Laut Swingle führen EPA und NREL gemeinsam Machbarkeitsstudien an 13 kontaminierten Standorten durch, um festzustellen, was getan werden muss, um die Standorte für Projekte zur Nutzung erneuerbarer Energien nutzbar zu machen.

Darüber hinaus hat die EPA 15 verlassene Hardrock-Minen (hauptsächlich im Westen) ausfindig gemacht, die ideale Standorte für Windparks sein könnten.
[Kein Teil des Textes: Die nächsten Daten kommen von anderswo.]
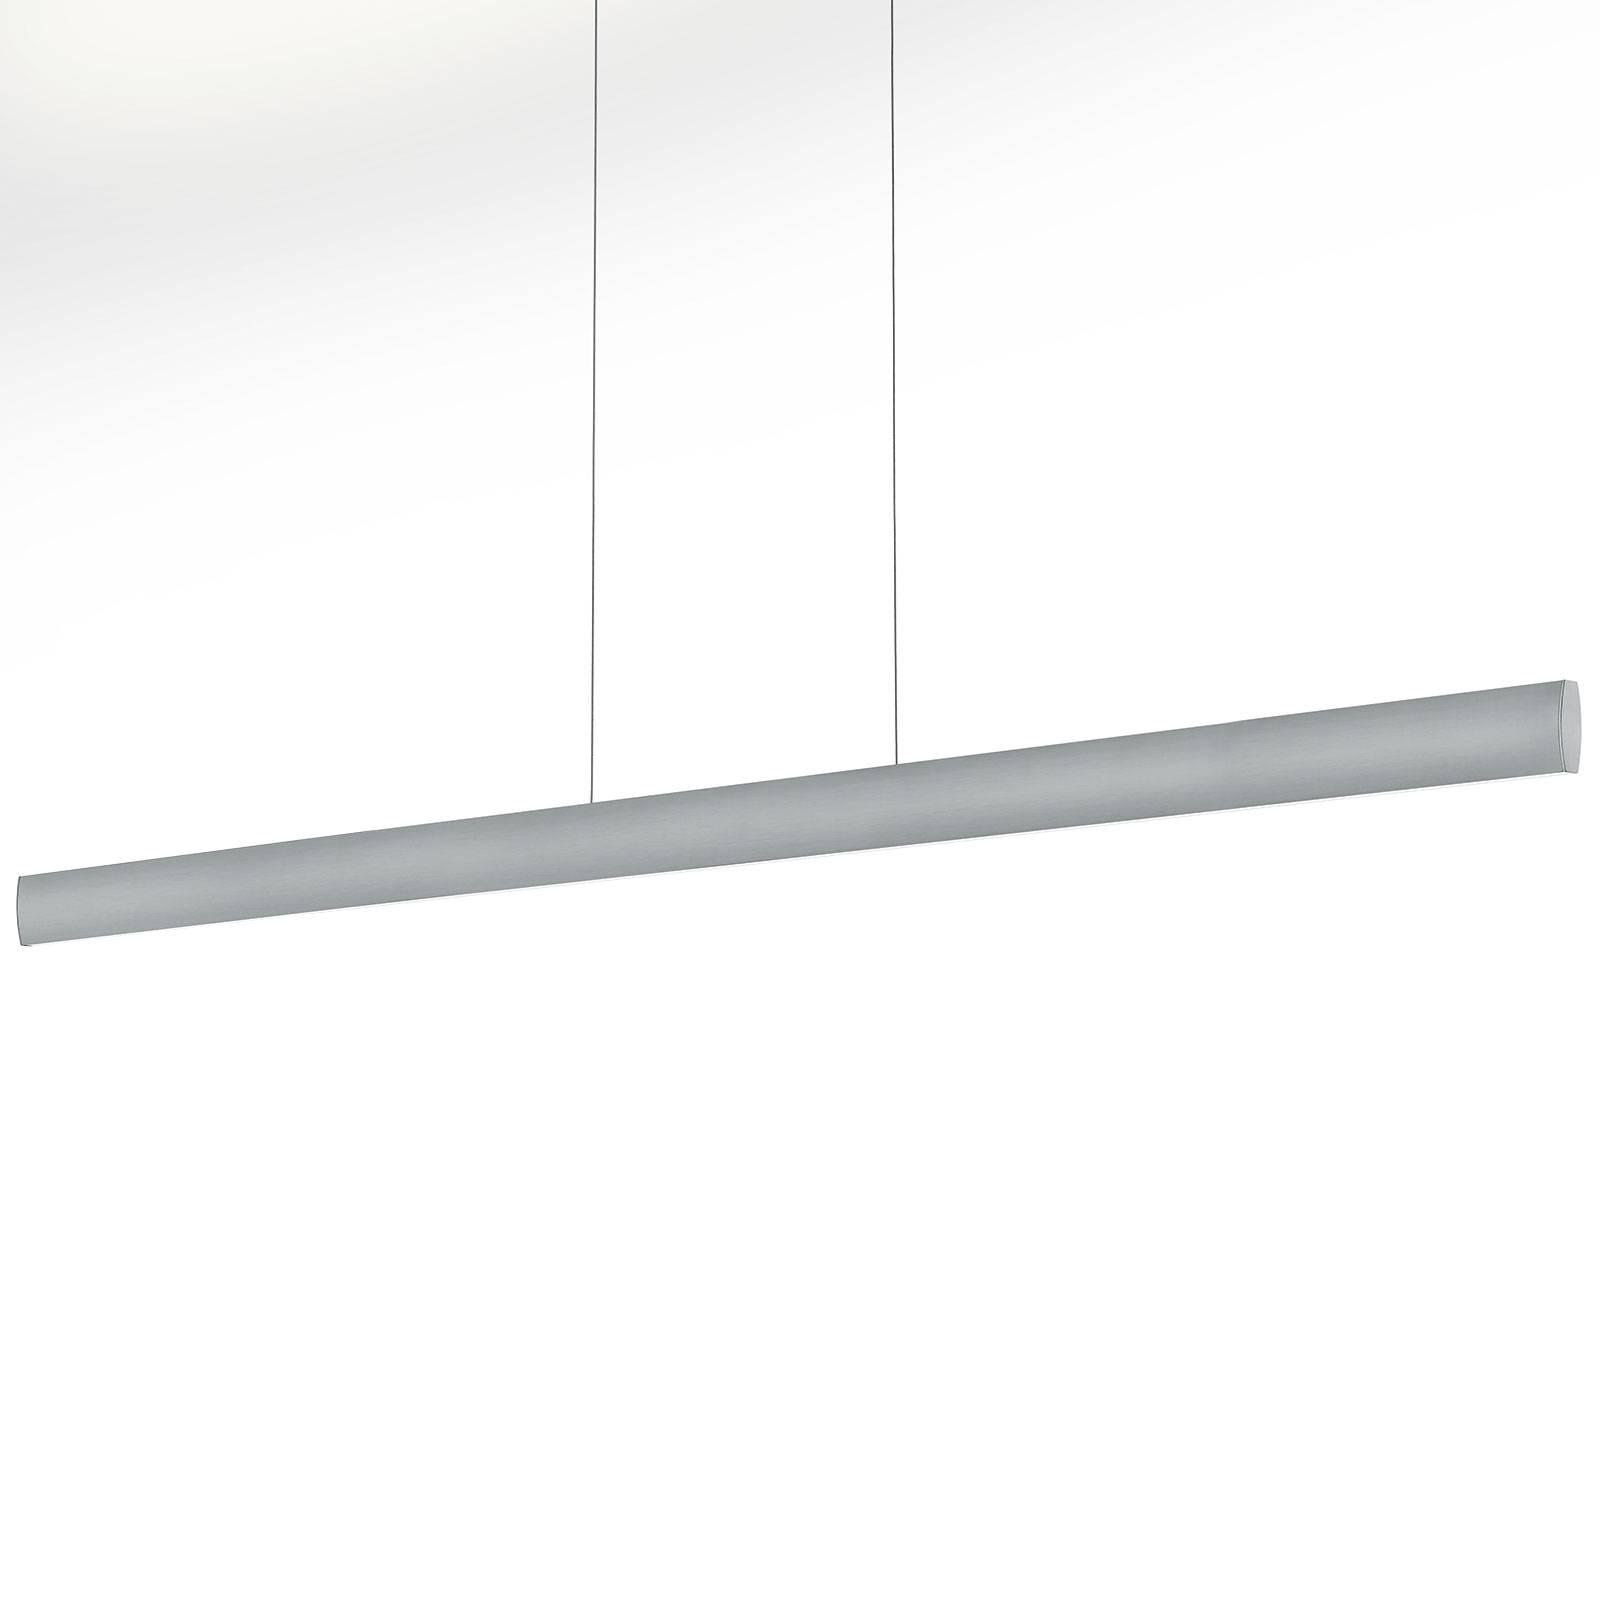 LED-riippuvalaisin Runa, nikkeli, pituus 152 cm

"Wir wollen diese kontaminierten Standorte vorantreiben und diese Dinge wirklich dazu ermutigen," besagter Shahid Mahmud, Cochairman der nationalen Bergbaunationalmannschaft der Bundesagentur. "Denn je schneller wir es schaffen, desto besser sind wir in Bezug auf Umwelt und Klimawandel."

Bisher können sowohl die Industrie als auch die Umweltschützer von dem Deal profitieren, ein seltener Gewinn für zwei Seiten, die sich selten einig sind. Darüber hinaus werden durch die Sanierung verlassener Standorte zu sauberen Energiezentren im ganzen Land Arbeitsplätze geschaffen.

“Dies sind Standorte, an denen Sie nicht viel Widerstand für die Wiederverwendung haben, in Bereichen, in denen sie wirklich Jobs brauchen”, sagte Soji Adelaja, Direktor des Land Policy Institute der MSU in East Lansing, Michigan.